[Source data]
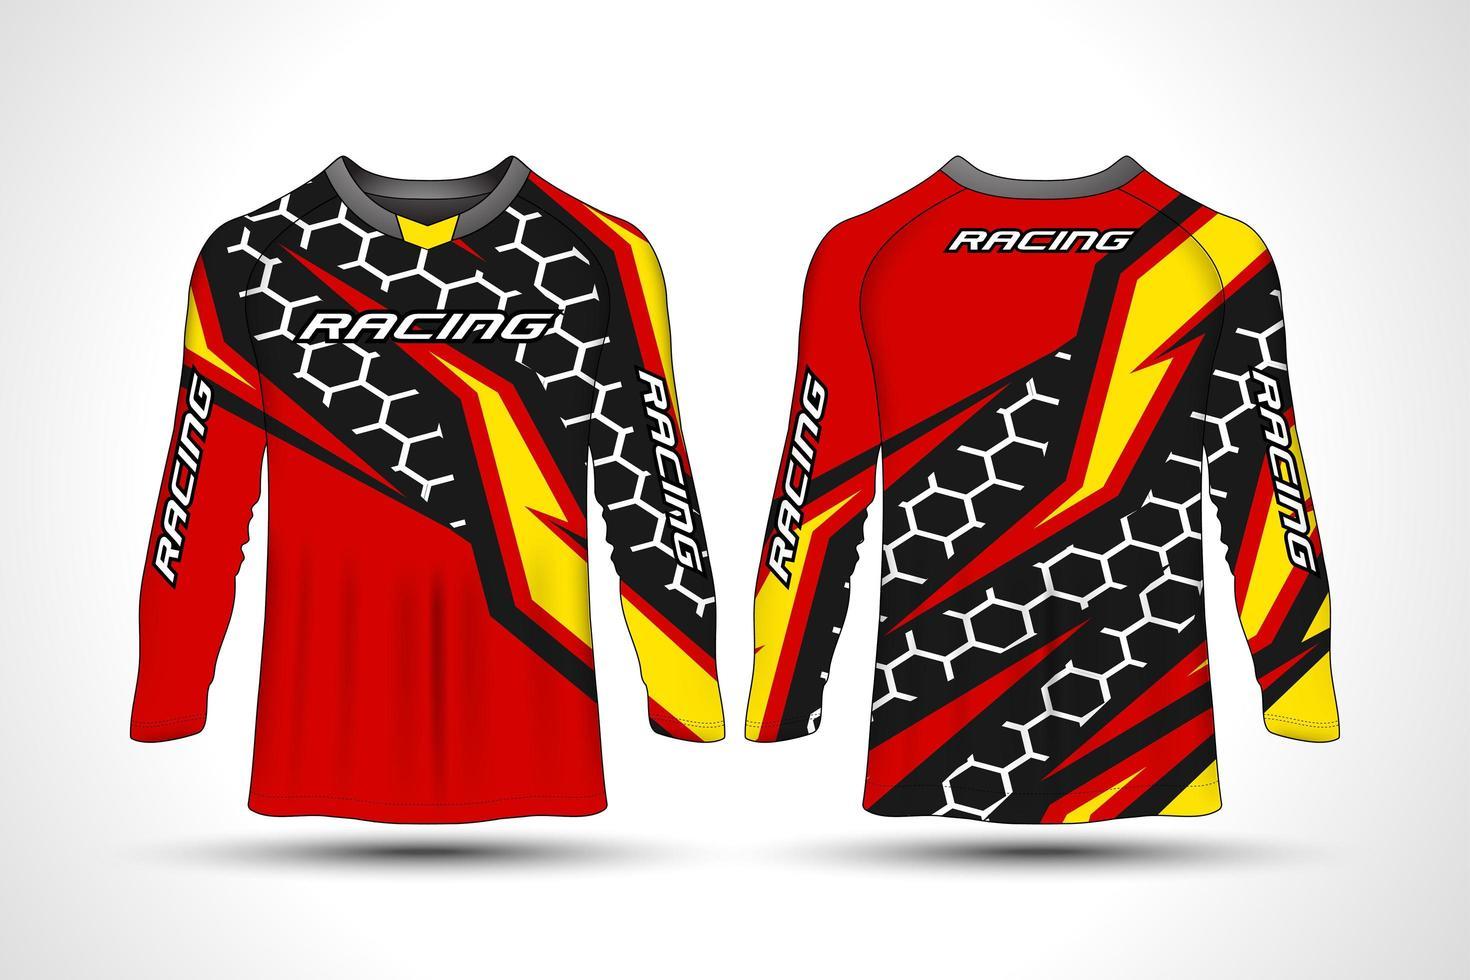 camiseta de manga comprida camisa de moto esporte vetor
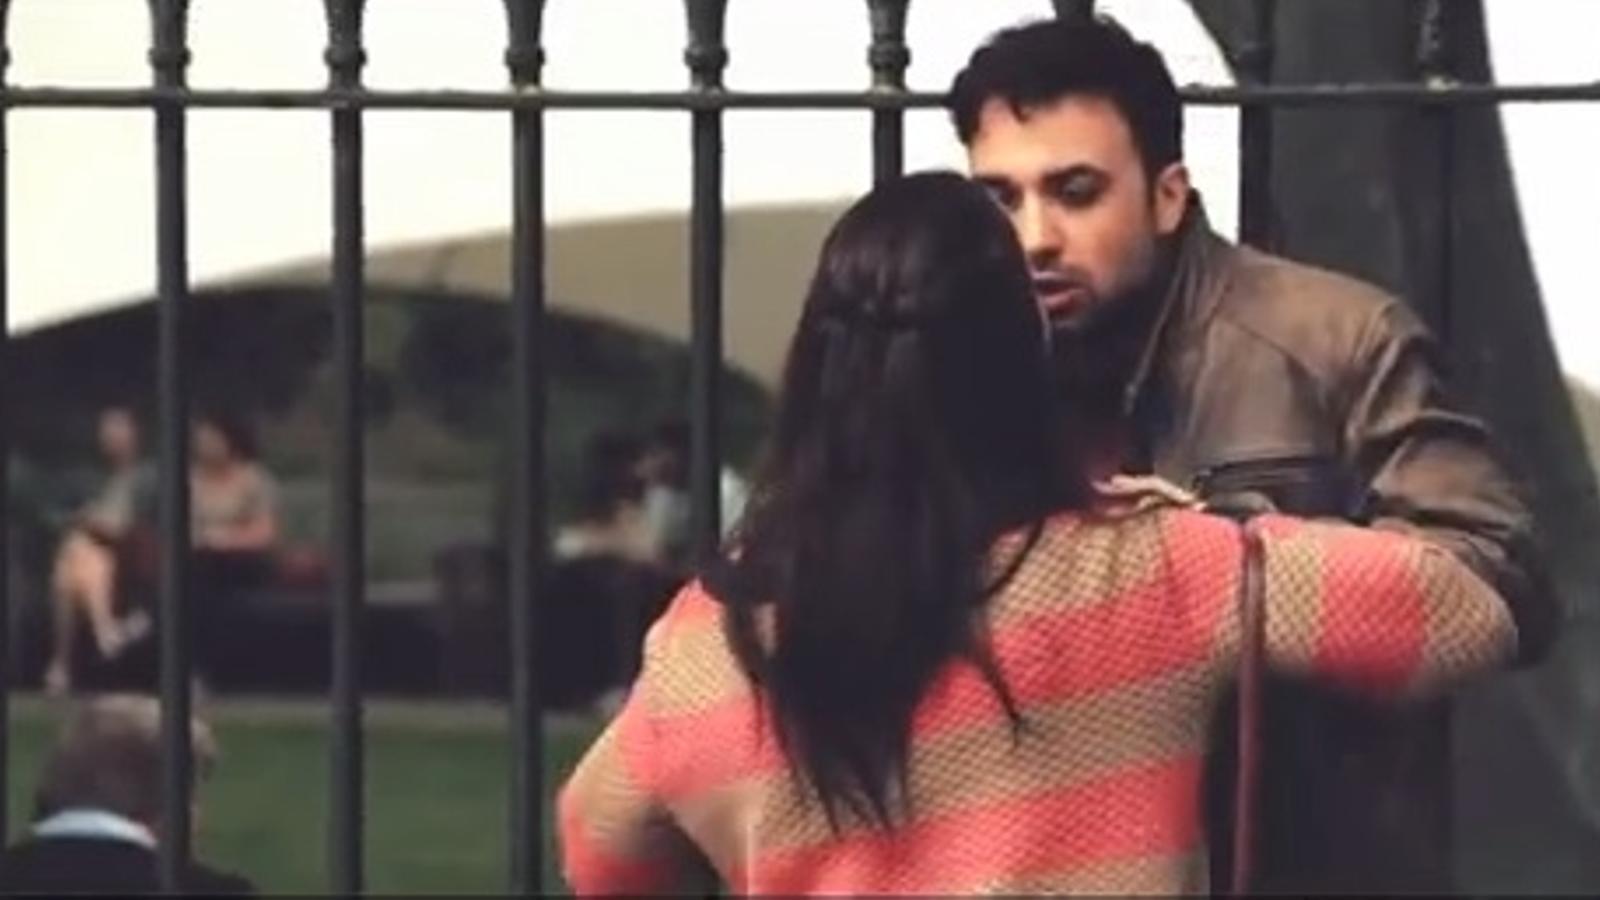 La diferent reacció dels vianants quan un home pega una dona… i una dona pega un home
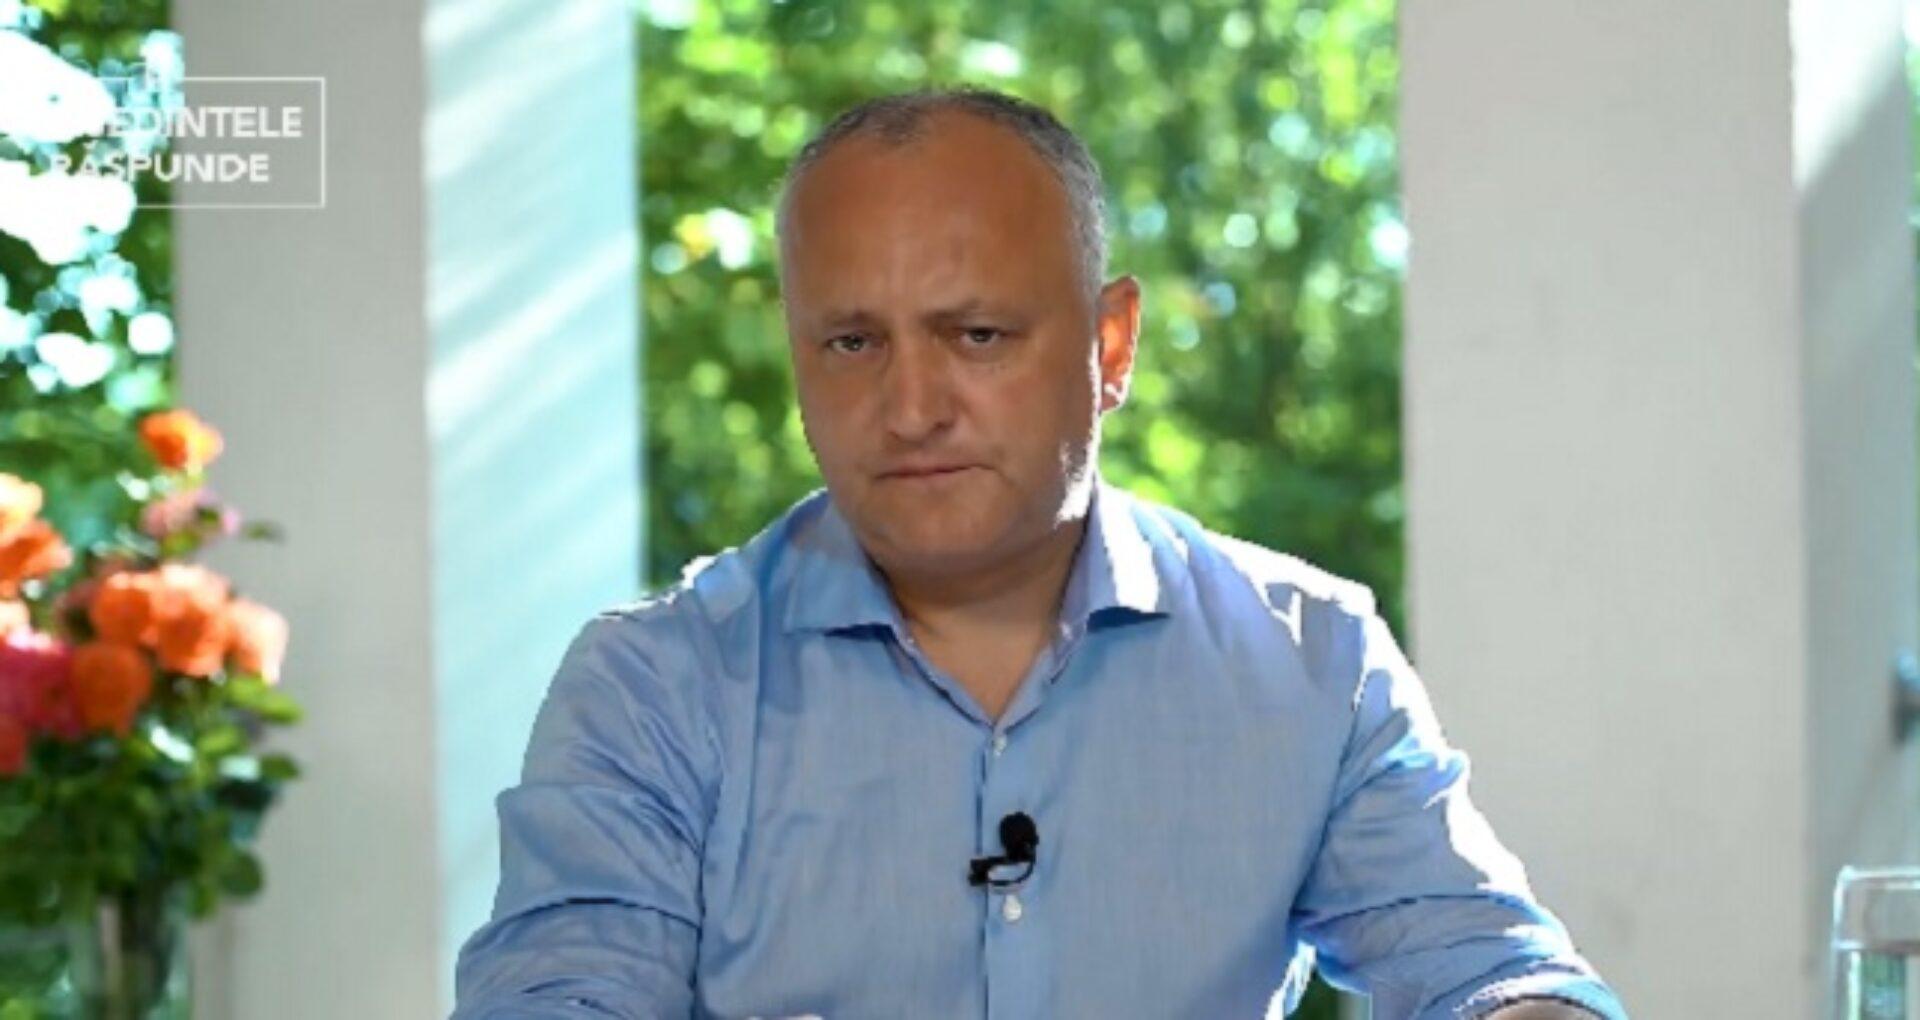 """Dodon anunță că Ștefan Gațcan, împreună cu familia, a părăsit R. Moldova: """"Se temea, mi-a cerut ca paza de stat să-l însoțească până la ieșirea din țară"""""""
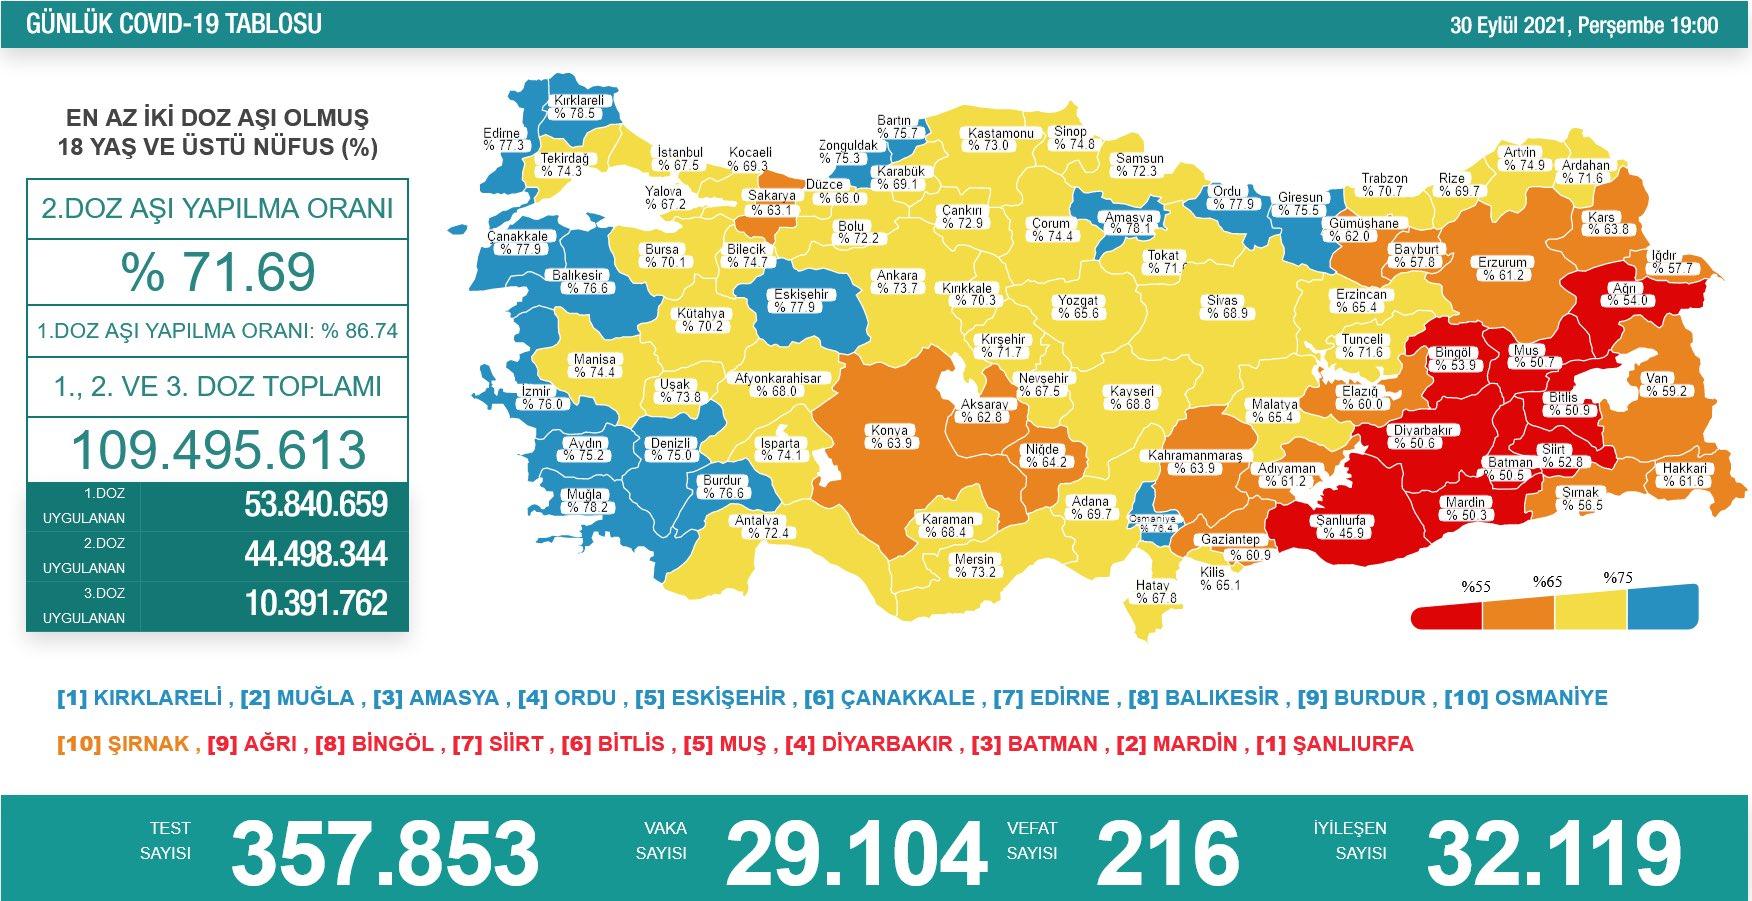 30 Eylül 2021 Türkiye Koronavirüs Tablosu Açıkladı
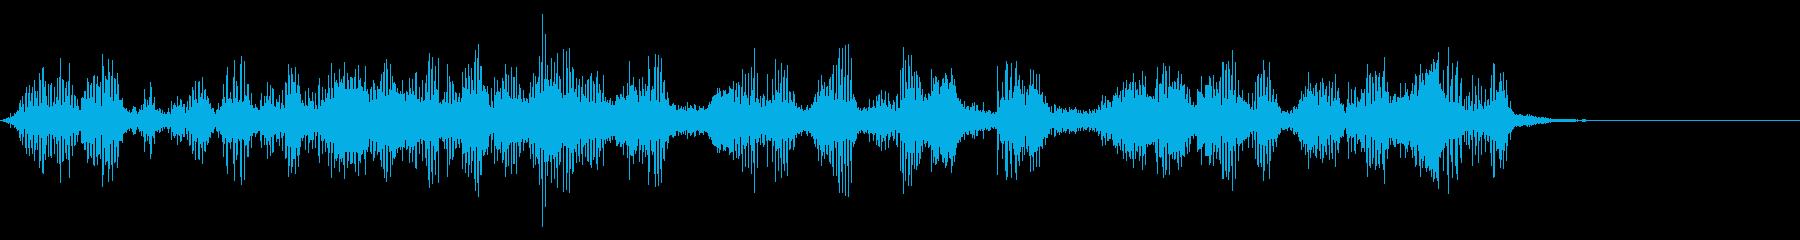 【生録音】フラミンゴの鳴き声 36の再生済みの波形
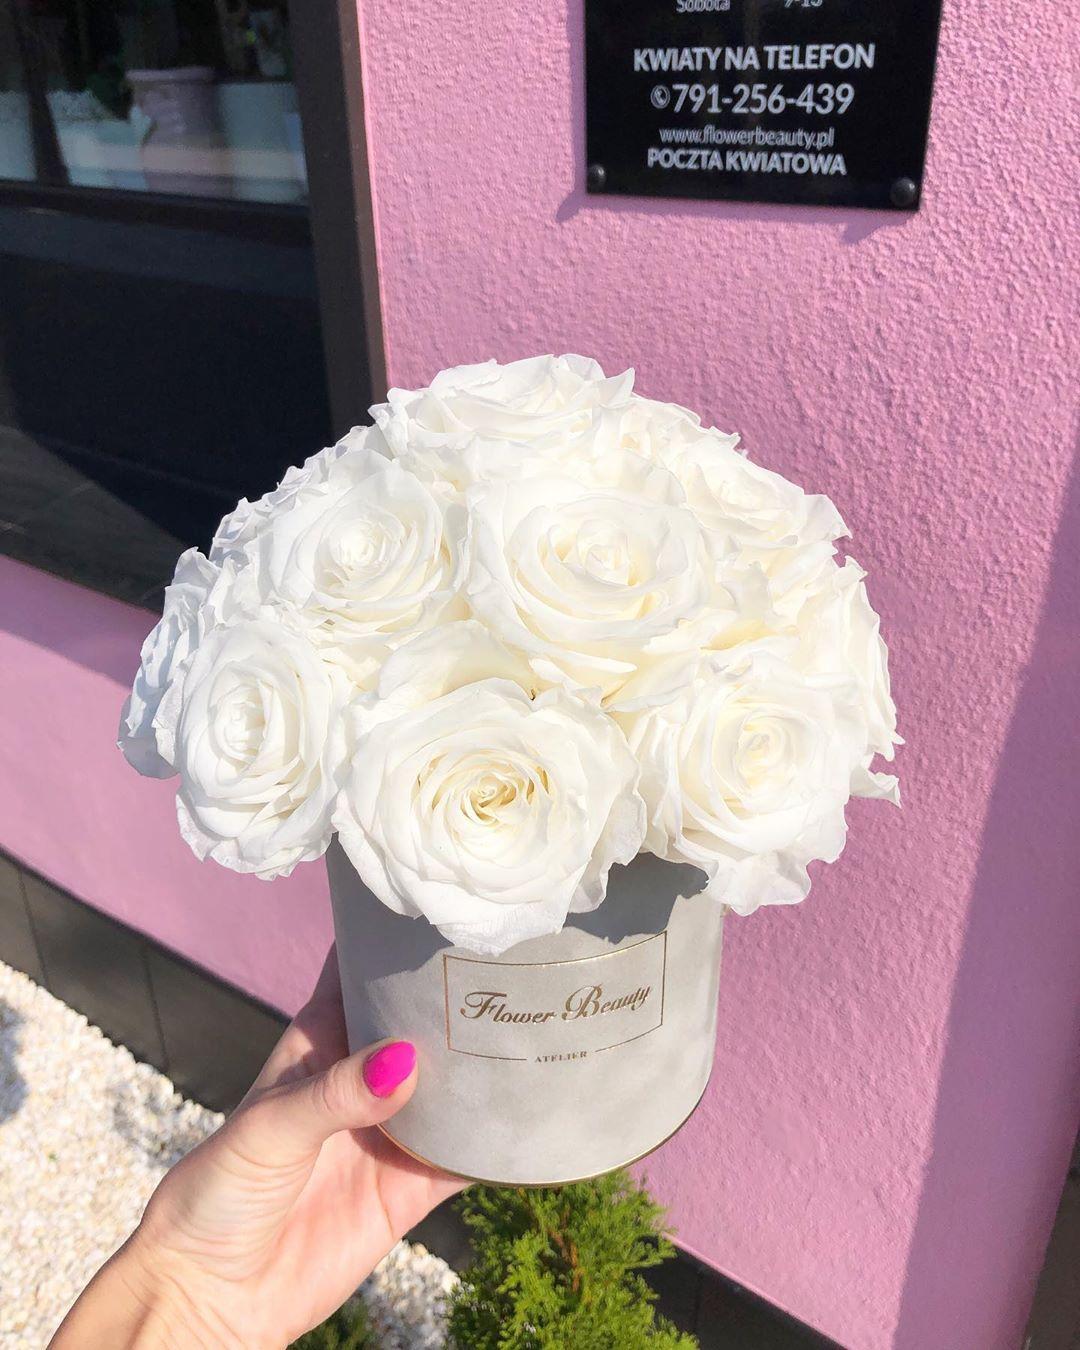 Dzisiejsza Realizacja Biale Wieczne Roze W Szarym Zamszowym Pudelku Flowers Flower Flowerbeauty Flowerstore Flowerstagram Kwiaty Kwiatywpud Desserts

WHAT THE TASK ASKS> Beginning at the line with "anunță că Ștefan", reproduce word for word each line through the last line of the records. Include both ends but no pictures.

FINISHED EXERCISE>
 """Dodon anunță că Ștefan Gațcan, împreună cu familia, a părăsit R. Moldova: """"Se temea, mi-a cerut ca paza de stat să-l însoțească până la ieșirea din țară"""""""
 30 Eylül 2021 Türkiye Koronavirüs Tablosu Açıkladı
 【生録音】フラミンゴの鳴き声 36の再生済みの波形
 Dzisiejsza Realizacja Biale Wieczne Roze W Szarym Zamszowym Pudelku Flowers Flower Flowerbeauty Flowerstore Flowerstagram Kwiaty Kwiatywpud Desserts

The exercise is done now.